In Oregon, one of the factors to be considered in deciding custody disputes is each parent’s willingness to foster the children’s relationship with the other parent (assuming that parent is not unfit). A recent case considers the question of how much a parent should subordinate their own interests to ensure the other parent’s relationship is supported. The answer is that if a parent’s decisions cause minor difficulties for the other parent, the courts should not penalize the parent.
The questions arose in a divorce with two children. Both parents developed new relationships after they separated. The father moved in with his girlfriend about 20 miles south of the family home. The mother did not move in with her unemployed boyfriend, but did become pregnant. The father stopped paying the mortgage, and developed a pattern of coming to the family home and letting himself in without knocking. The mother then chose to move in with a roommate about 15 miles north, which reduced her commute to college and the distance to her boyfriend’s home. The father moved into the family home with his girlfriend.
Oregon law sets out six factors to consider in making a child custody decision. In this case, the trial judge focused on willingness to foster the children’s relationship with the other parent, primarily basing her ruling on the move, the decision of the mother to complete her education, and the fact that the mother was having another child. The judge also noted that the move made it more difficult to spend time with the children. Based on those findings, the judge gave custody to the father.
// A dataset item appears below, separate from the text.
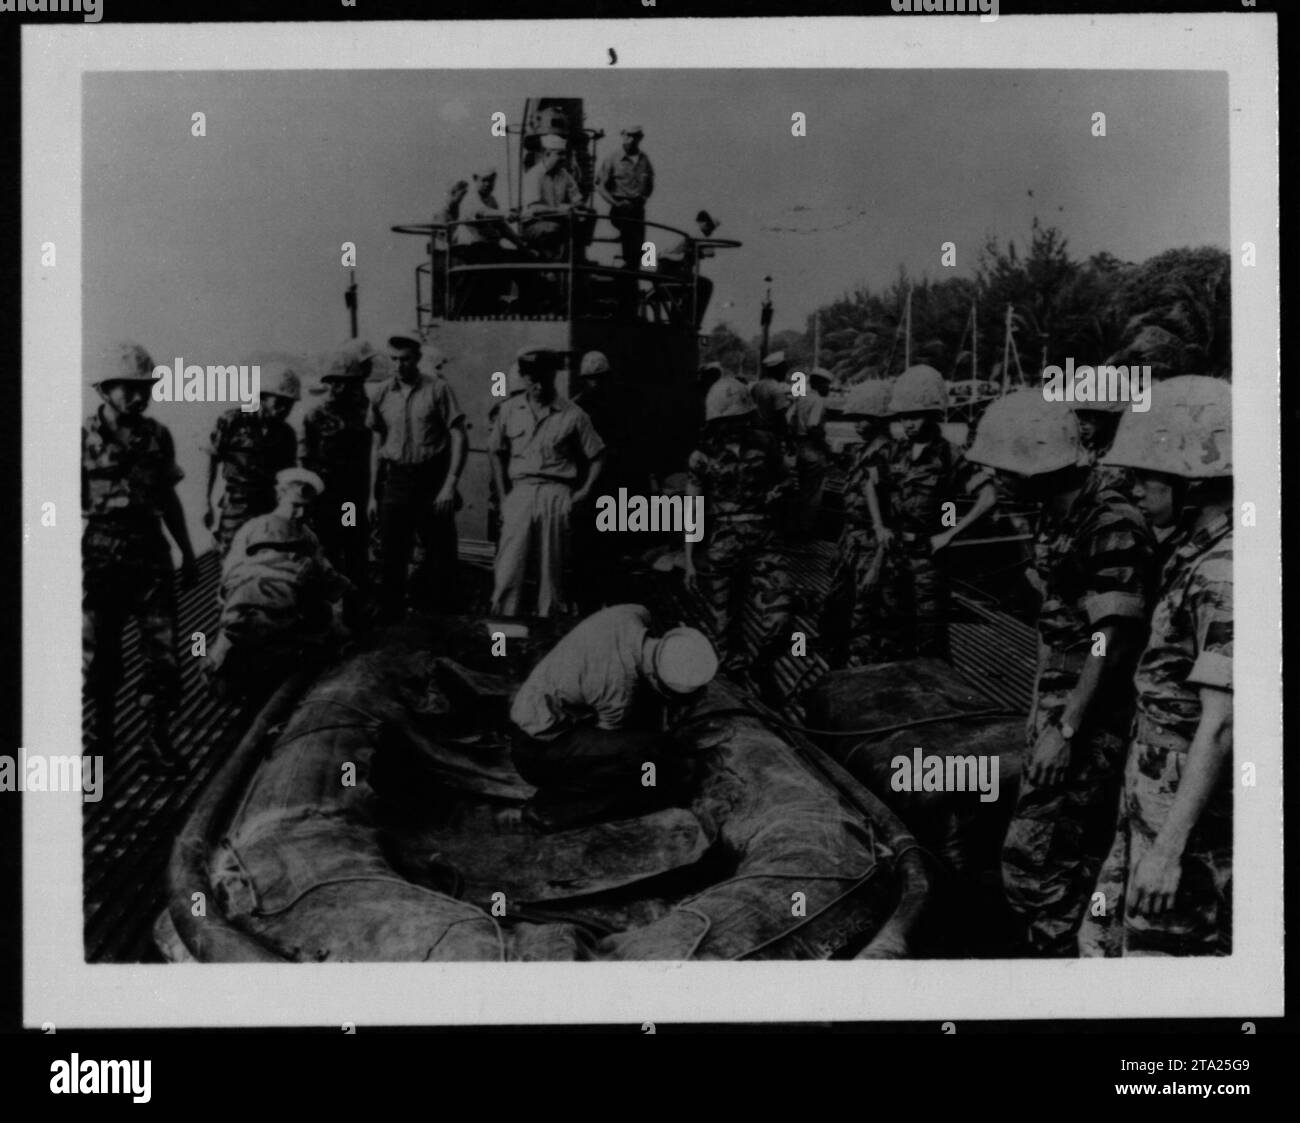 ARVN soldiers, including Vietnamese Marines, participate in military operations conducted in 1962 during the Vietnam War. This photo captures the presence and activities of the Army of the Republic of Vietnam alongside American forces. Stock Photo

The Court of Appeals reversed and awarded custody to the mother, based on her history as the primary caregiver. First, it disapproved of the trial judge’s reference to the mother’s lifestyle because there was no evidence her lifestyle was likely to harm the children physically or emotionally. Oregon law requires the court to find that potential for harm before lifestyle can be considered, and a lifestyle decision that complicates matters for the other parent is not enough.
Without the lifestyle findings, the only finding by the trial judge that could be considered was that the mother’s move and resulting transfer of the children to a new school made it more difficult for the father to see the children. The Court of Appeals explained that that was not what willingness to foster a relationship is about. Instead, the issue is whether the parents act in a way that encourages or hampers the other parent’s relationship. Simply moving a reasonable distance away is not enough to show interference; parents have to develop their own ability to support themselves and the family. The Court of Appeals wanted to see a severe hampering of the father’s relationship or an intent by the mother to interfere.
If your case involves a lifestyle decision by the other parent that causes you concern, you should be prepared to discuss how it harms the children. Similarly, if the other parent is questioning your lifestyle, you should gather evidence to show that the children are not affected. If one of the parents in your case is making decisions that might affect the other parent’s relationship with the children, both parents should be prepared to discuss how much difficulty is caused as a result and whether the decision is intended to cause trouble. In general, you may be well served by collecting your evidence and asking a lawyer for an opinion so that you know whether a judge is likely to consider the situation significant enough for it to be a factor in a custody dispute. Remember, in most cases, the parents will have to continue to deal with each other while the children grow up.